The Wine: Louis Latour, Montagny 1er Cru, "La Grande Roche"
The Grape: 100% Chardonnay
Where it's from: Montagny, Côte Chalonnaise, Burgundy, France
Alcohol: 13%
Vintage: 2005 (an awesome year for Burgundy, very important when shopping for a European wine, BTW)
Price: $17.99

Color: The wine was a rich golden color. It looked almost like lemon-lime Gatorade. I expected either rich, ripe fruit or lots of oak. Wine is usually this dark from age (this one wasn't quite old enough to darken that much), sugar/ripeness, or tannin/oak.
Smell: This smelled so refreshing. Typical of wine from Burgundy it was like water running over rocks -- like a waterfall. The wine had a light caramel aroma and was a little bit like a pencil (I know this because I chew on pencils and they get a certain smell to them -- terrible habit, but good for expanding your wine repertoire!). There was a little honeydew melon thing going on too. Yum.
Taste: It was MUCH lighter than I expected. My friend said it perfectly when she called it a lunch wine -- light with a little bit of acid, some of that mineral flavor with the oaky/caramel/pencil stuff I smelled. There wasn't any fruit flavor -- just light acid and oak.
Pairing: Because this wine is so light, it's hard to pair with anything except mild-tasting cheese with mild-tasting crackers. We paired panini with mozzerella, avocado, and tomato with it and this refreshing and light sandwich almost overtook the wine.

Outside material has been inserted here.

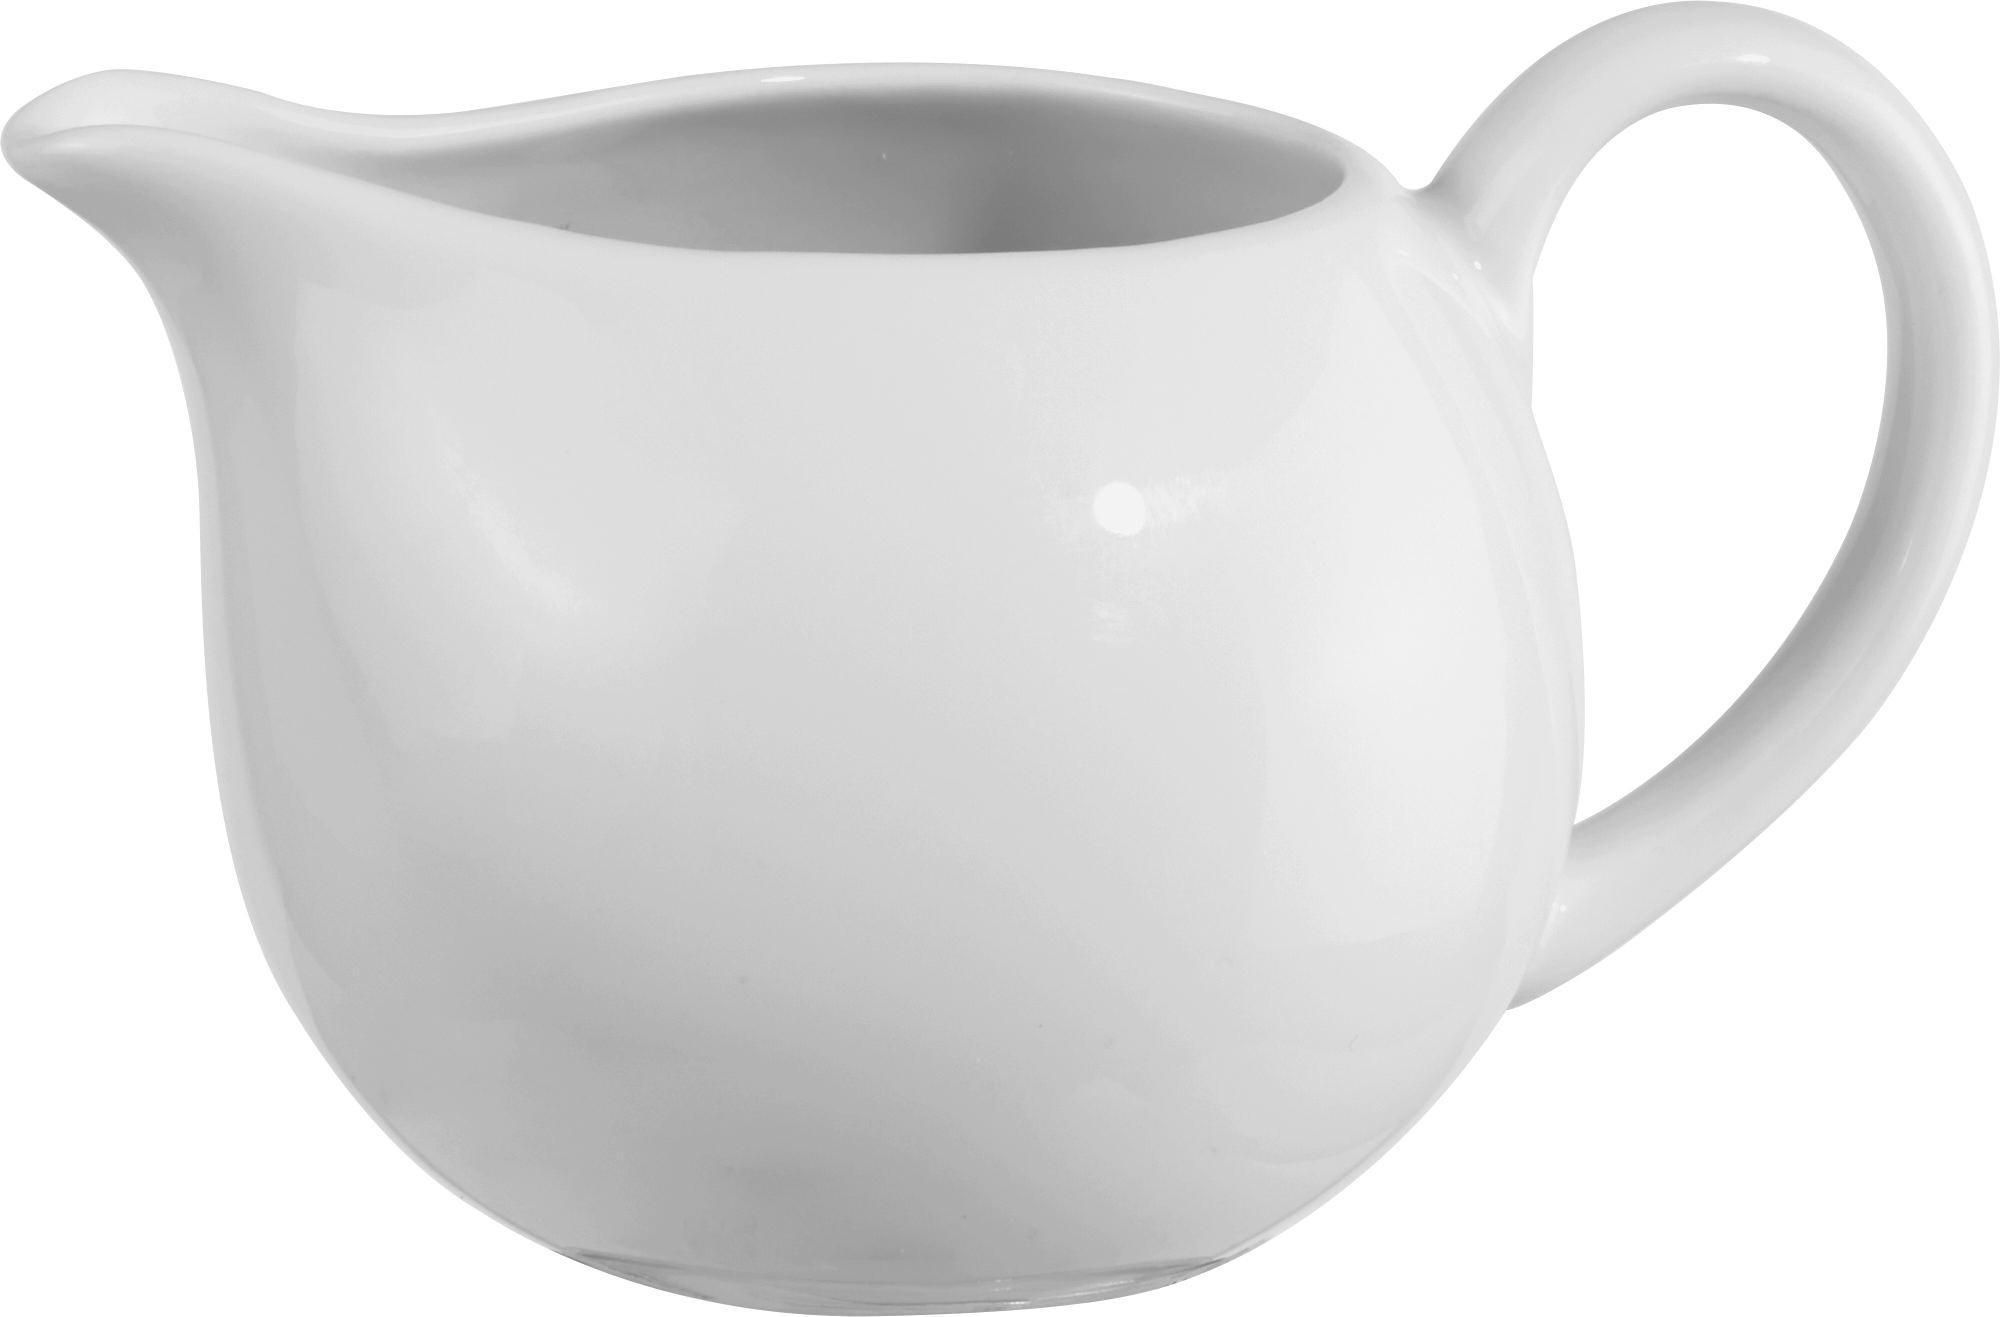 Tejeskancsó Felicia - fehér, konvencionális, kerámia (26cm) - OMBRA

Drink or Sink: I bought this wine, in part, because 2005 was supposed to be an amazing vintage in Burgundy, and that, combined with the fact that wines from the Côte Chalonnaise are a great value, made me think I'd discovered an amazing find. The truth is, the wine was totally forgettable. It was a snoozer and not really worth seeking out. I'm not sure whether I drank it too late, or too early but either way, I can't say I'll be buying it again!

Please let me know what you think! Write a comment below!

1 comment:

  1. I just ordered several bottles of their 2011. Have you heard anything pro/con about their vintage in general? I have been reading about certain white Burgundies mysteriously fading after only four or five years - maybe that's what happened with your bottle.